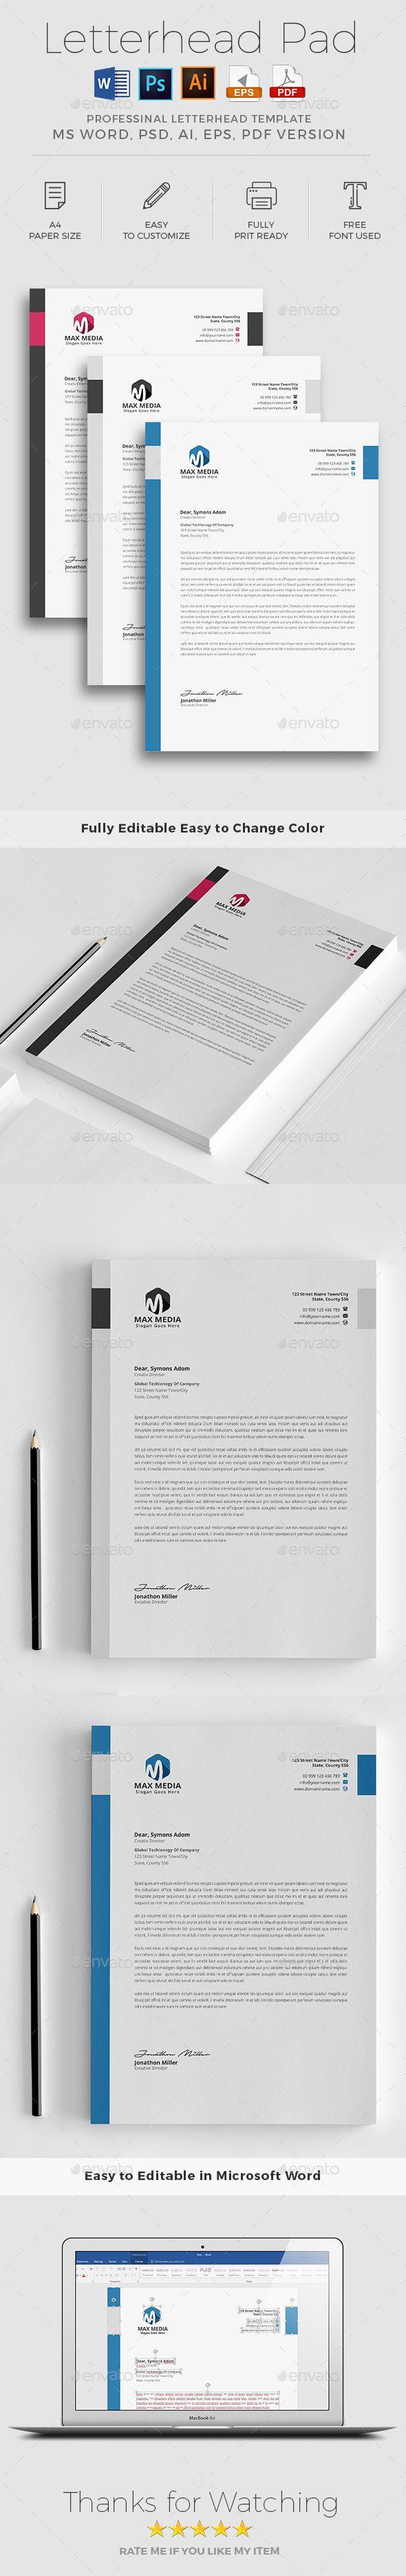 Letterhead — Photoshop PSD #letterhead #presentation folder • Download ➝ https://graphicriver.net/item/letterhead/19126470?ref=pxcr
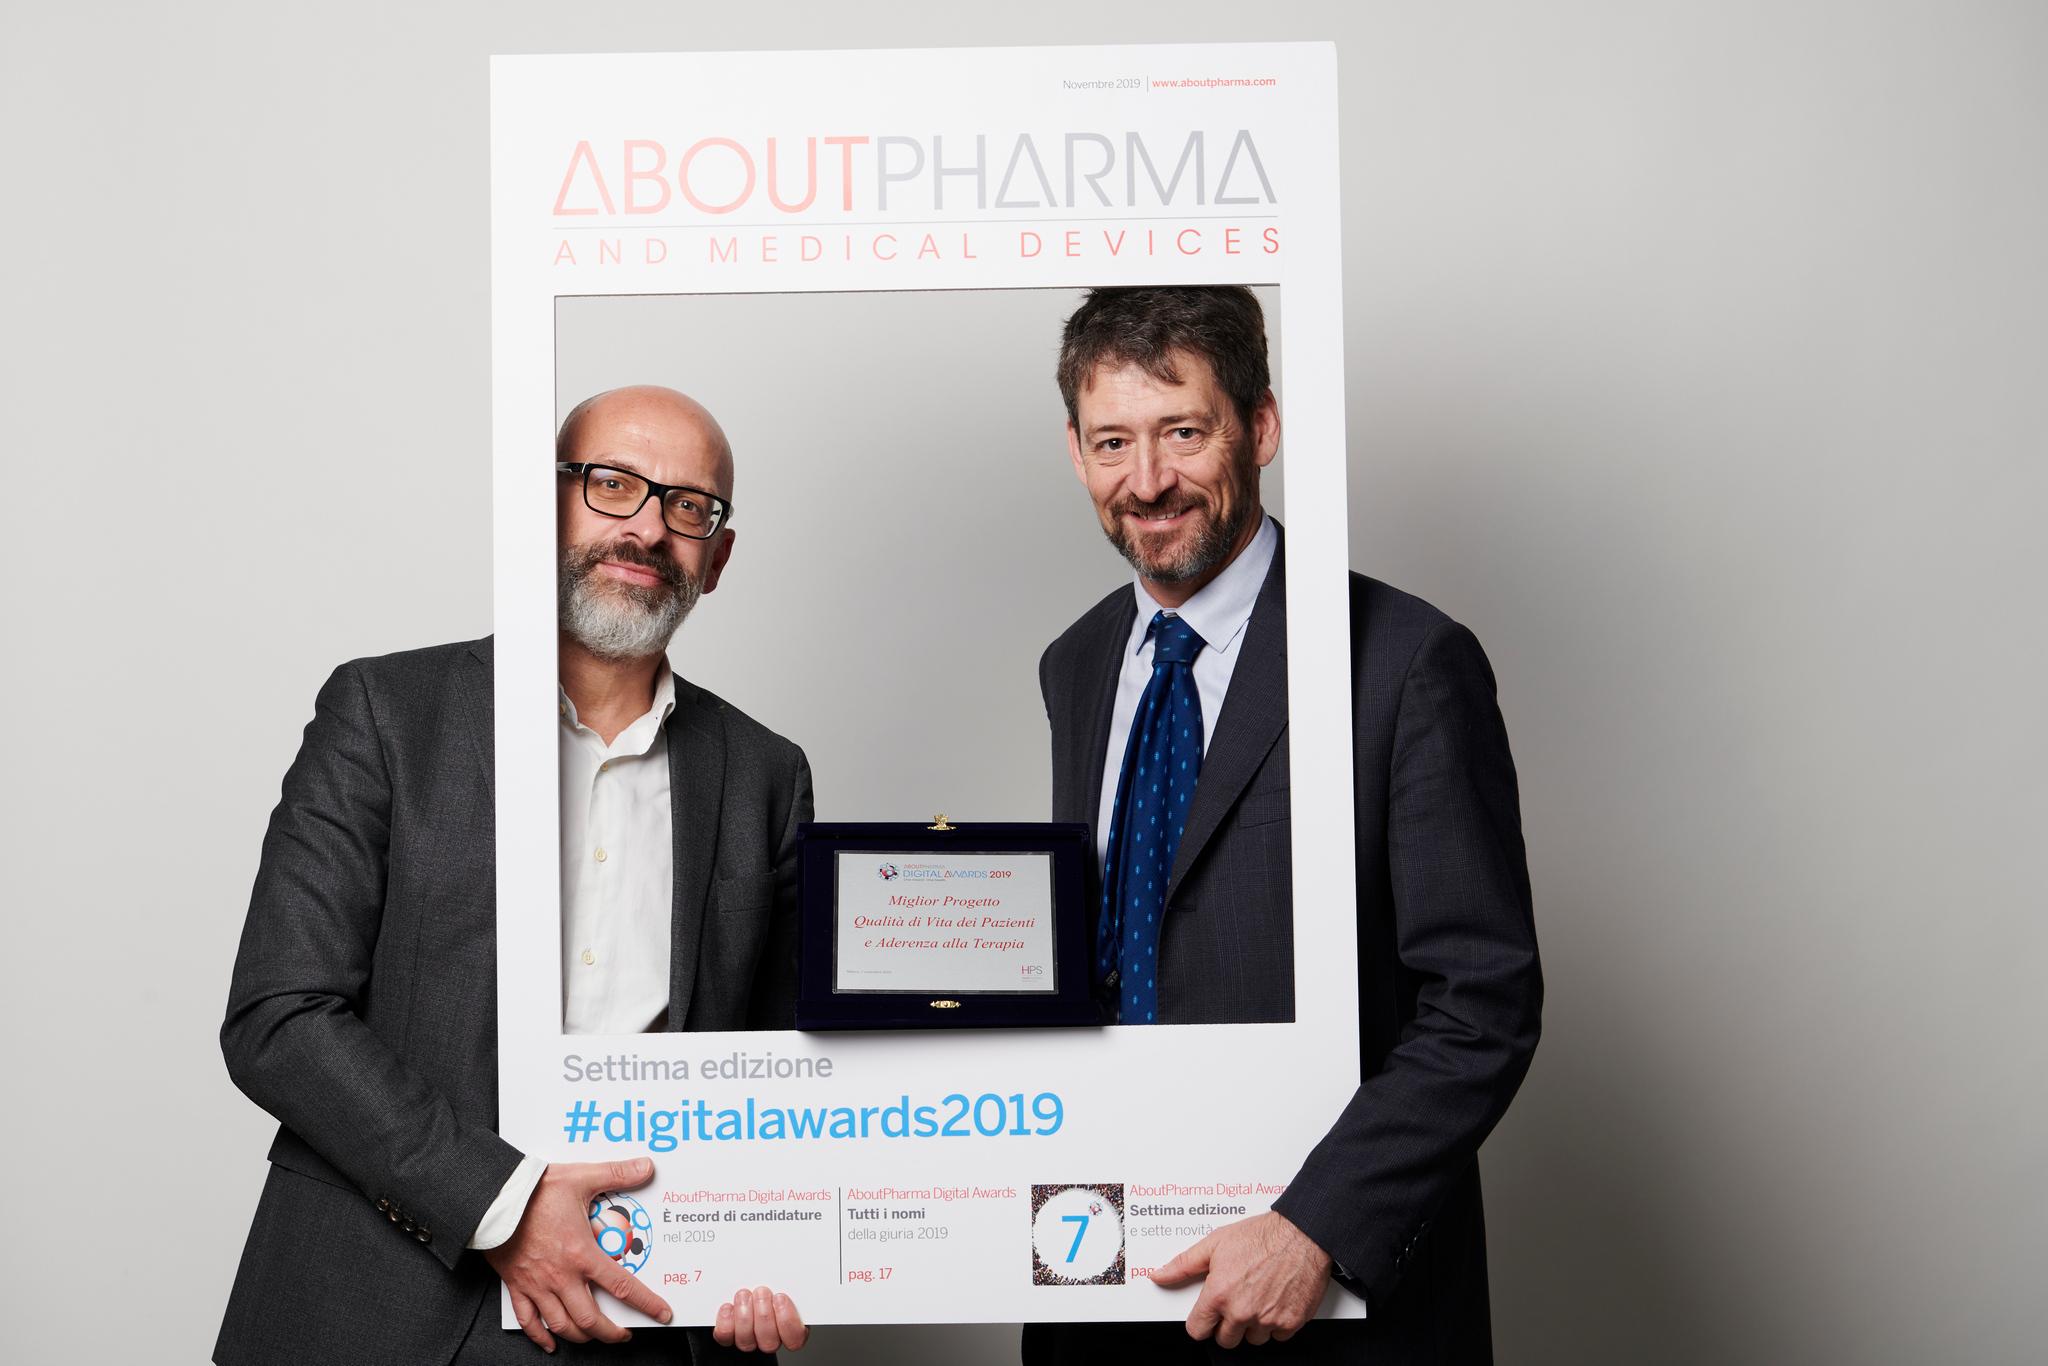 Photobooth AboutPharma Digital Awards 2019_67
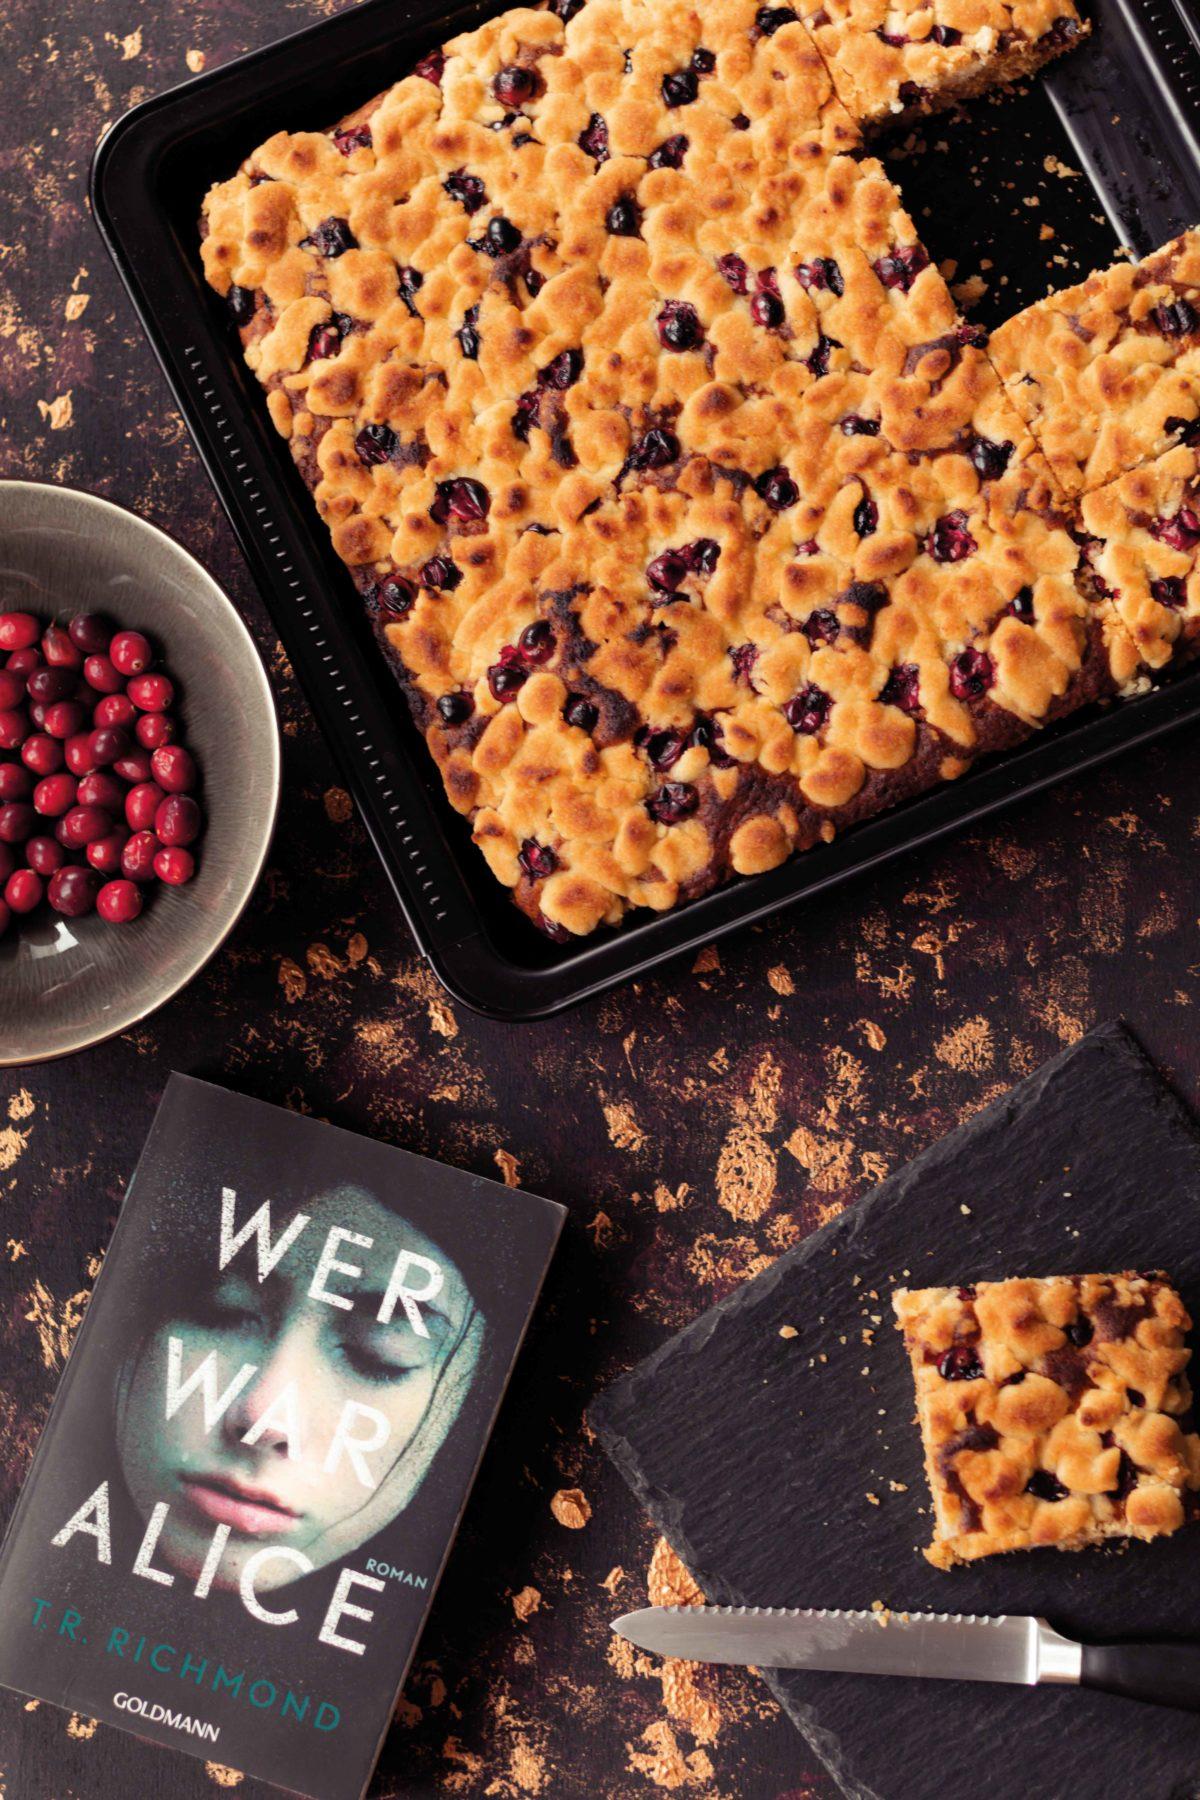 Cranberry Streusel Kuchen // Cranberry Crumble Cake by http://babyrockmyday.com/cranberry-streusel-kuchen/ #cranberry #streuselkuchen #crumblecakeCranberry Streusel Kuchen // Cranberry Crumble Cake by http://babyrockmyday.com/cranberry-streusel-kuchen/ #cranberry #streuselkuchen #crumblecake

» Your assignment: Every line above should be printed again word for word, without its pictures.

» Response to this task:
 Letterhead — Photoshop PSD #letterhead #presentation folder • Download ➝ https://graphicriver.net/item/letterhead/19126470?ref=pxcr
 Photobooth AboutPharma Digital Awards 2019_67
 Cranberry Streusel Kuchen // Cranberry Crumble Cake by http://babyrockmyday.com/cranberry-streusel-kuchen/ #cranberry #streuselkuchen #crumblecakeCranberry Streusel Kuchen // Cranberry Crumble Cake by http://babyrockmyday.com/cranberry-streusel-kuchen/ #cranberry #streuselkuchen #crumblecake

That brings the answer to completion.